We will be running the code using Google Colab. Please make sure that the T4 GPU instance of Colab notebook is activated via the notebook settings before proceeding.

Code is based on this tutorial: https://www.youtube.com/watch?v=1mH1BvBJCl0. See also llama index documentation here: https://docs.llamaindex.ai/en/stable/examples/llm/llama_2_llama_cpp.html

In [None]:
!pip install -q pypdf
!pip install -q python-dotenv
!pip install -q transformers
!pip install -q llama-index
!pip install -q sentence-transformers
!pip install -q langchain
# Ask Llama to use GPU
!CMAKE_ARGS="-DLLAMA_CUBLAS=on" FORCE_CMAKE=1



In [None]:
# Logging
import logging
import sys
# Format the response from LLM so they display properly
from IPython.display import Markdown, display

# import LLama index related functions
import torch
from llama_index import VectorStoreIndex, SimpleDirectoryReader, ServiceContext
from llama_index.llms import LlamaCPP
from llama_index.llms.llama_utils import messages_to_prompt, completion_to_prompt  # pass in messages_to_prompt and completion_to_prompt functions to help format the model inputs.

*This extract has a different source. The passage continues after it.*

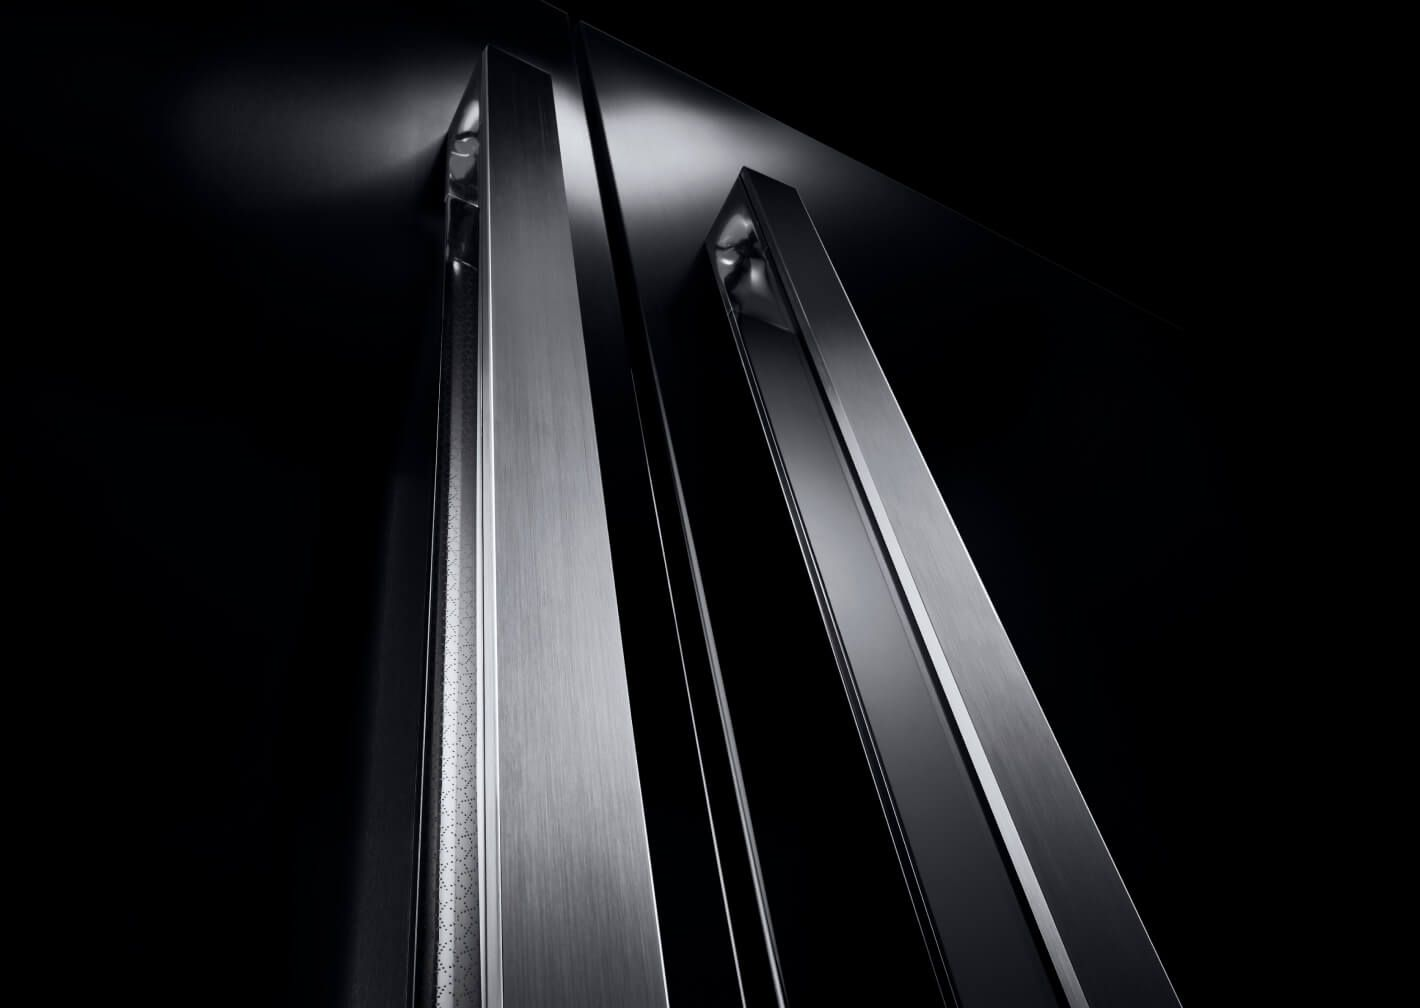 A close up of the handles on a NOIR™ Design column pair.

# Import embedding libraries and functions
from langchain.embeddings.huggingface import HuggingFaceEmbeddings
from llama_index.embeddings import LangchainEmbedding

Turn on logging

In [None]:
# Make sure logging is turned
logging.basicConfig(stream=sys.stdout, level=logging.INFO)
logging.getLogger().addHandler(logging.StreamHandler(stream=sys.stdout))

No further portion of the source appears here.